* **Data provided**:
+---+
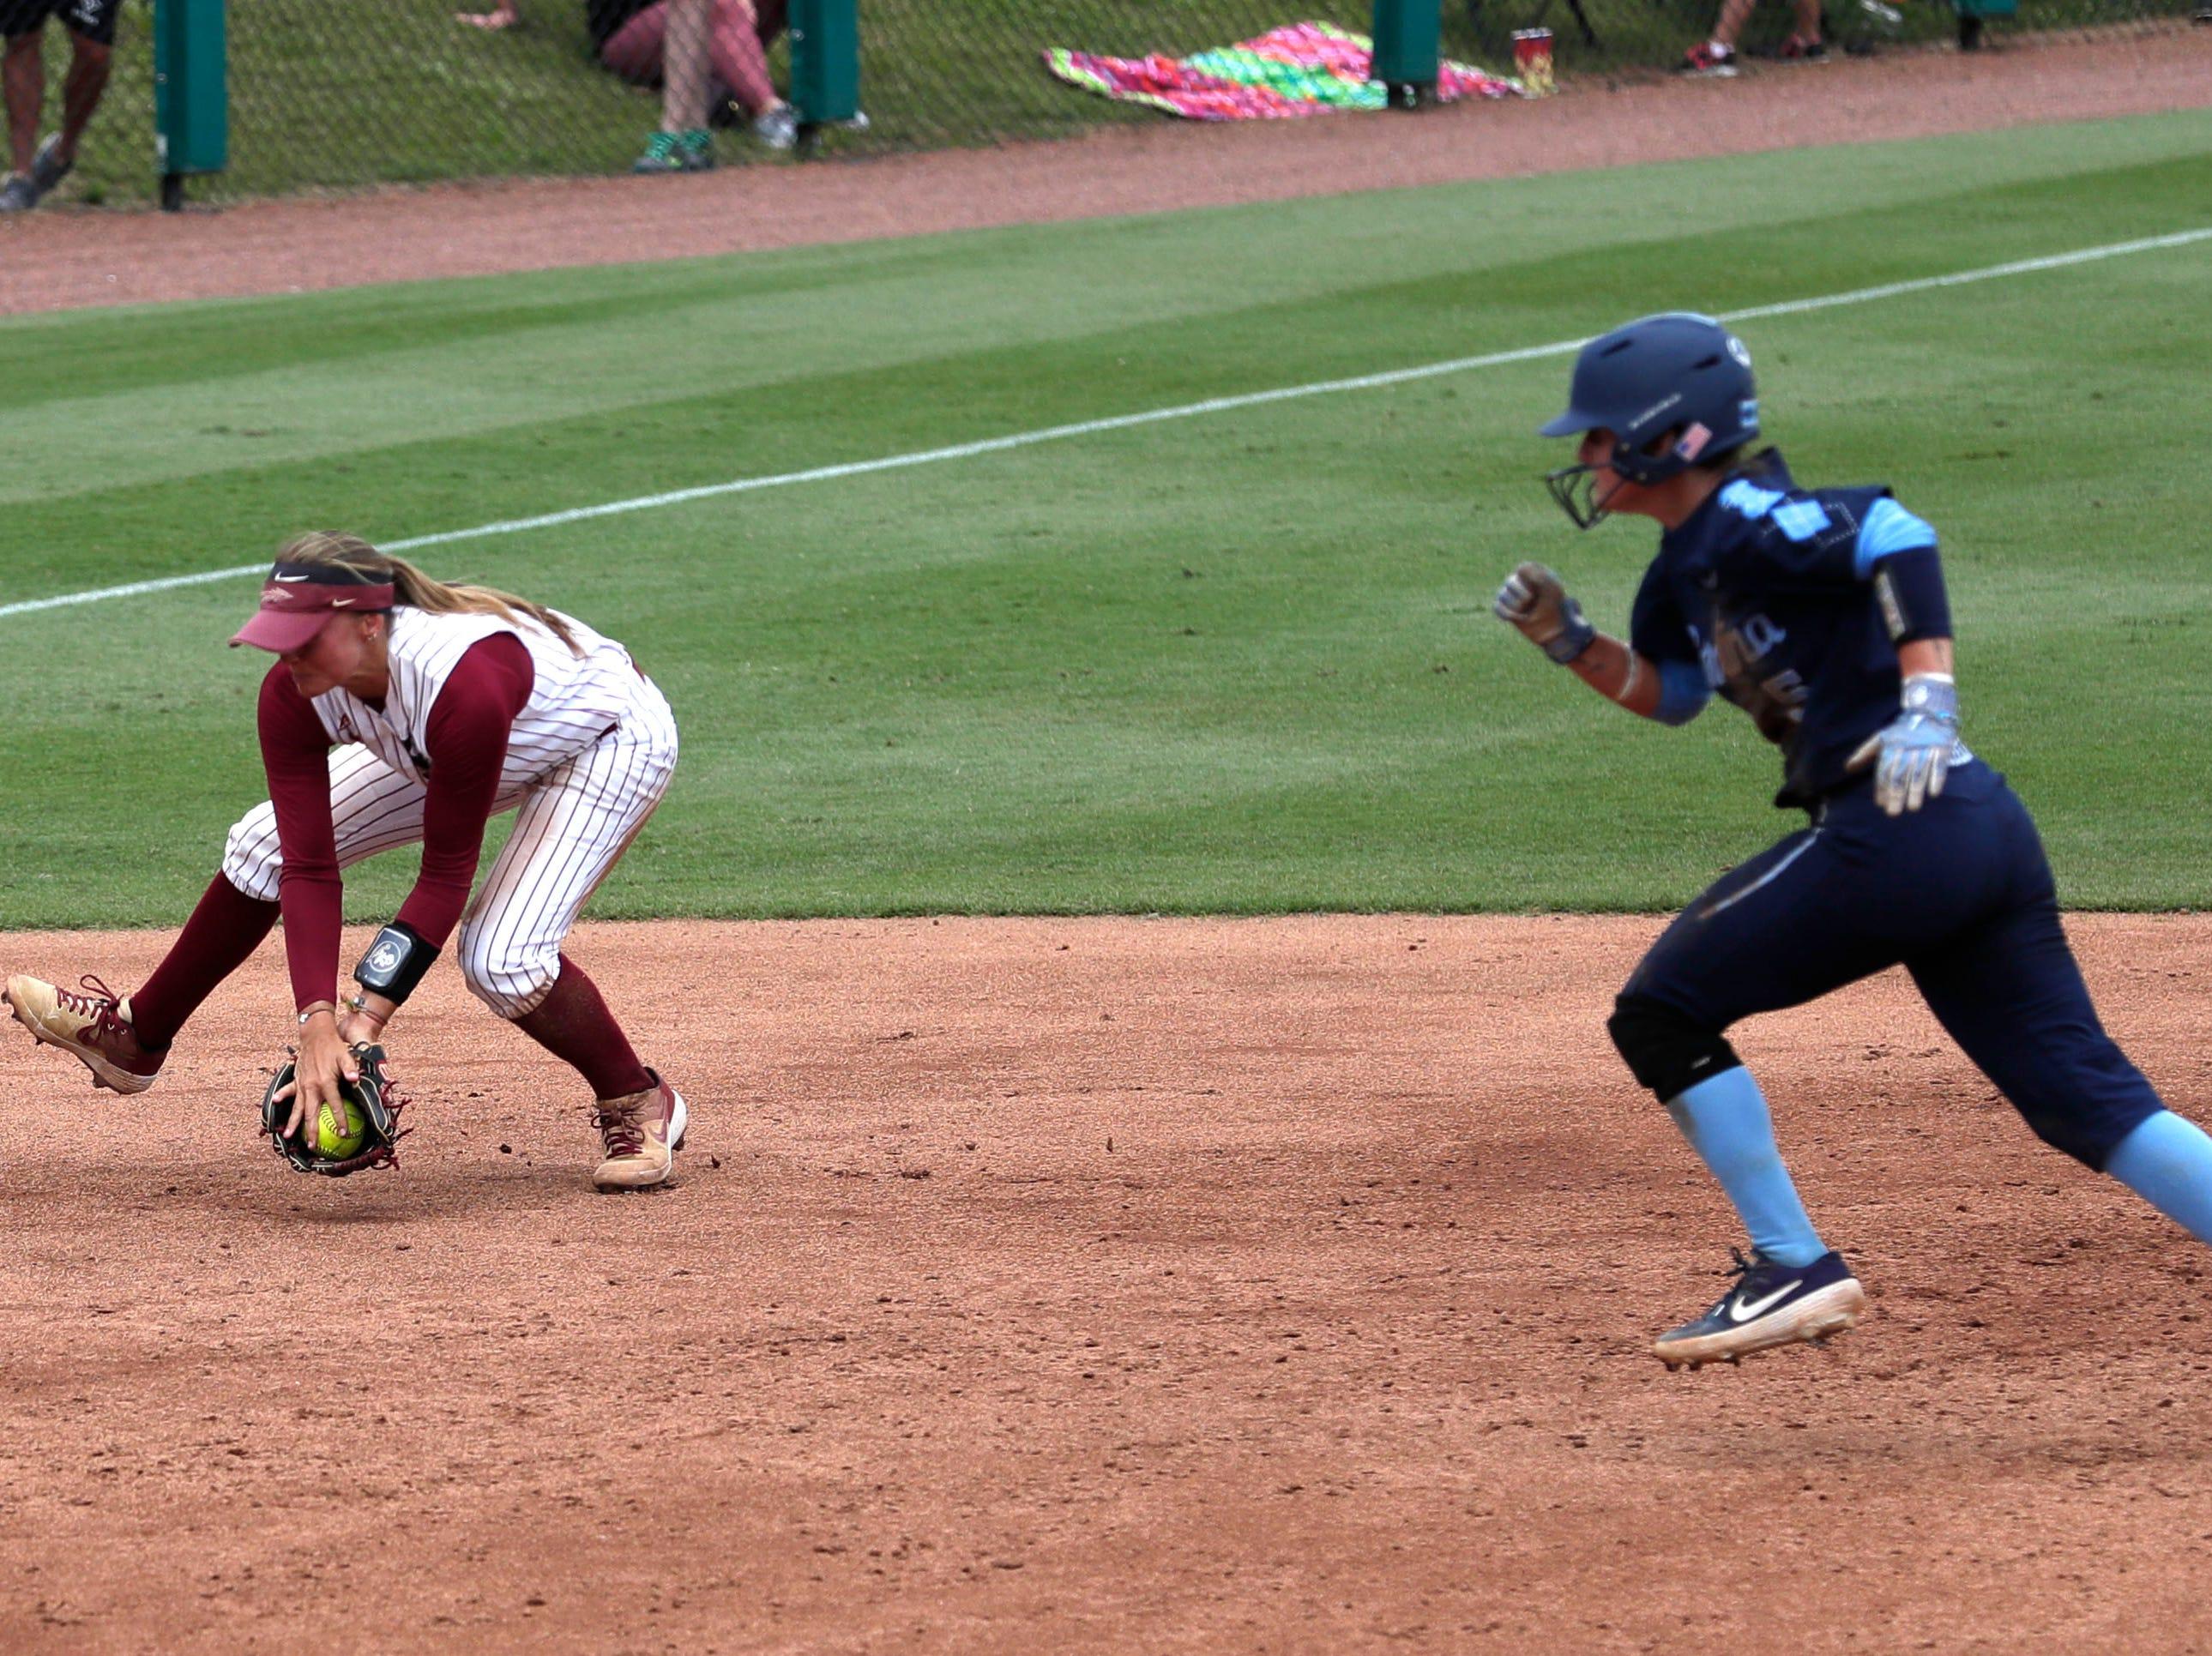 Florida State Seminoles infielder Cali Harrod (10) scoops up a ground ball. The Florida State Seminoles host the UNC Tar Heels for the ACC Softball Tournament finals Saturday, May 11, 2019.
+---+
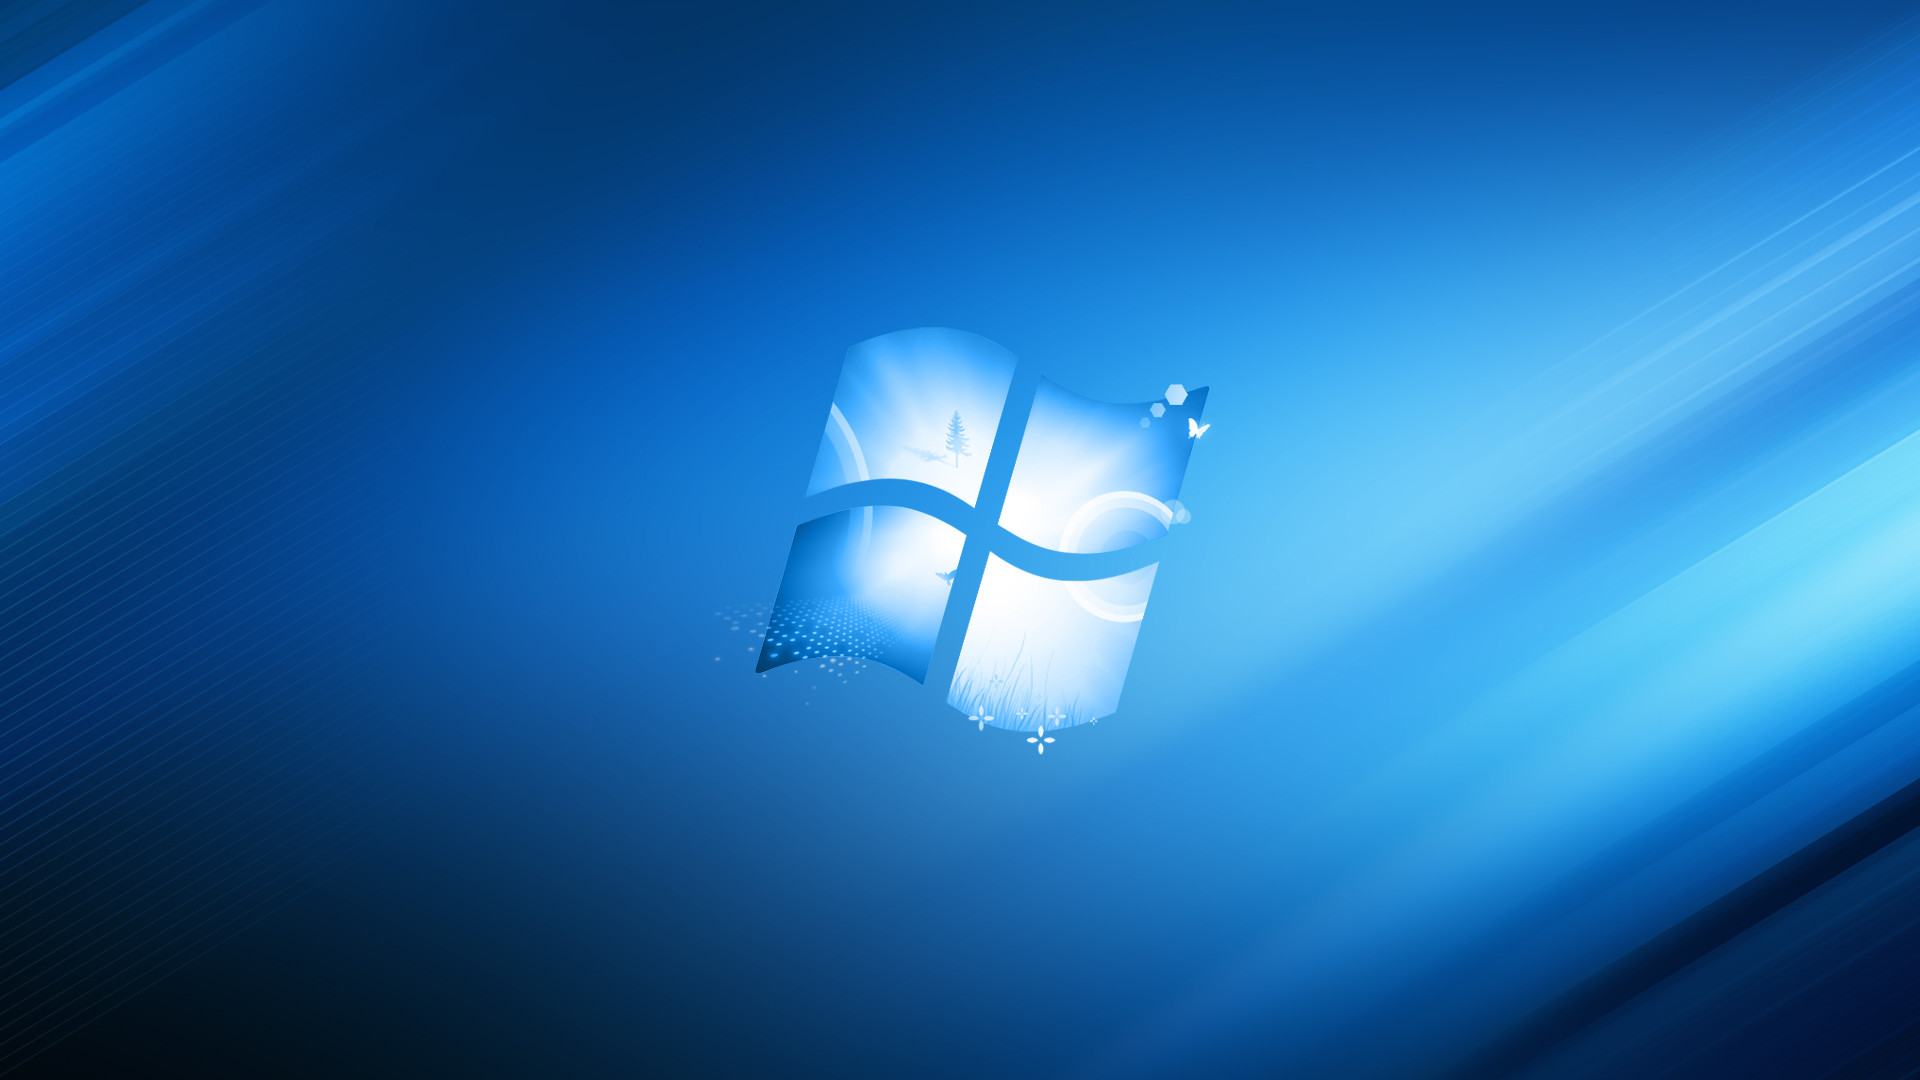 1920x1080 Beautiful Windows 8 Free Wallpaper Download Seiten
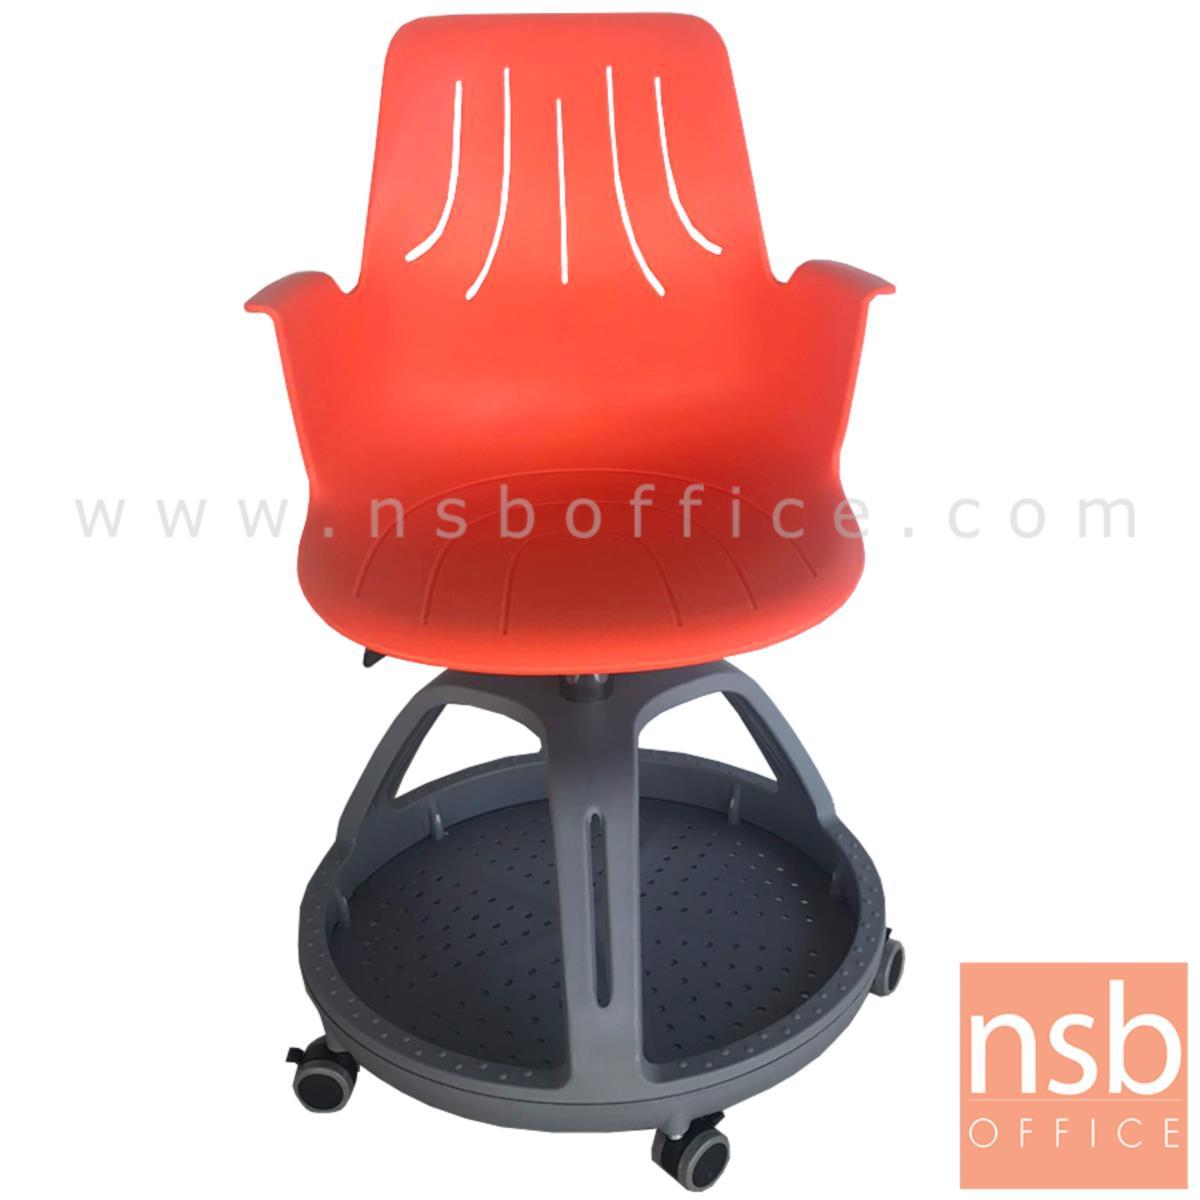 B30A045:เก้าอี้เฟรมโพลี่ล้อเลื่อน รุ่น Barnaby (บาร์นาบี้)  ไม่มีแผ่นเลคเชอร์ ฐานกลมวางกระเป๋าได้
+---+
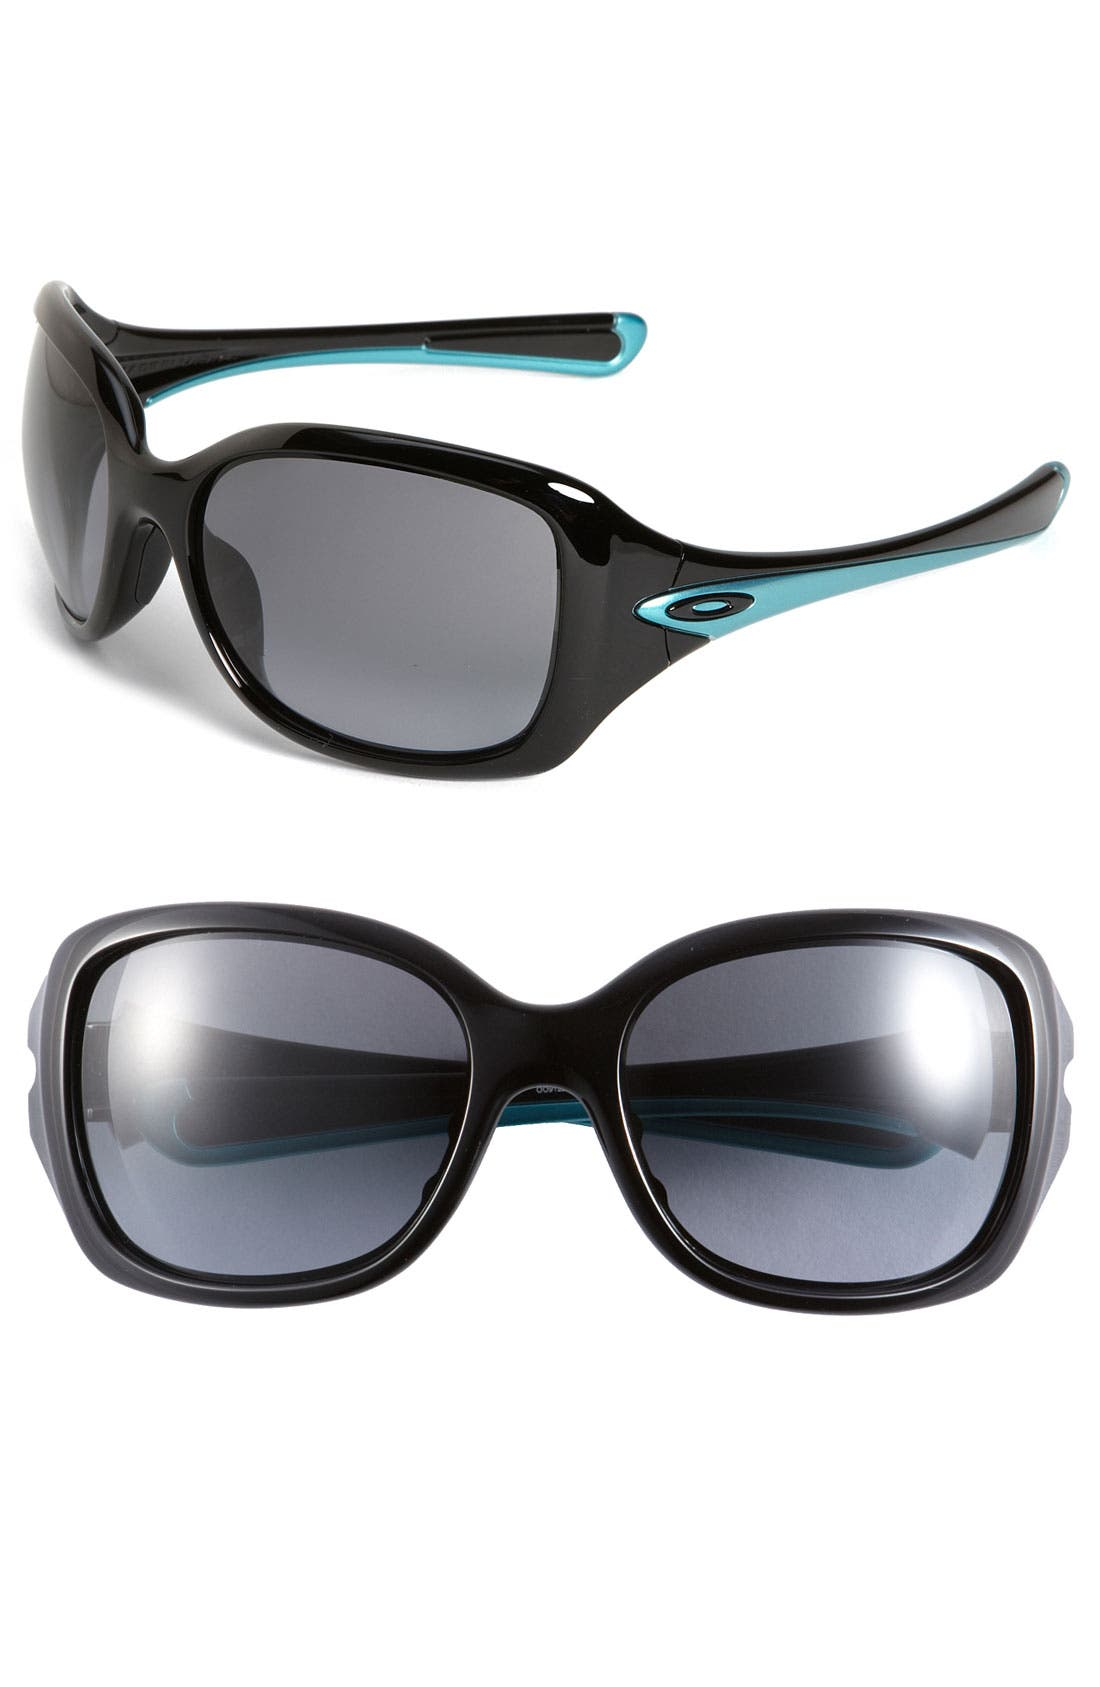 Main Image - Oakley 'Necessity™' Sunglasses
+---+
* **Task prompt**: Only the lines starting at the one that includes "1920x1080 Beautiful Windows" and ending at the one that includes "B30A045:เก้าอี้เฟรมโพลี่ล้อเลื่อน รุ่น Barnaby" should be retyped, exactly, from the records above; no pictures.

* **Expected answer**:
 1920x1080 Beautiful Windows 8 Free Wallpaper Download Seiten
 B30A045:เก้าอี้เฟรมโพลี่ล้อเลื่อน รุ่น Barnaby (บาร์นาบี้)  ไม่มีแผ่นเลคเชอร์ ฐานกลมวางกระเป๋าได้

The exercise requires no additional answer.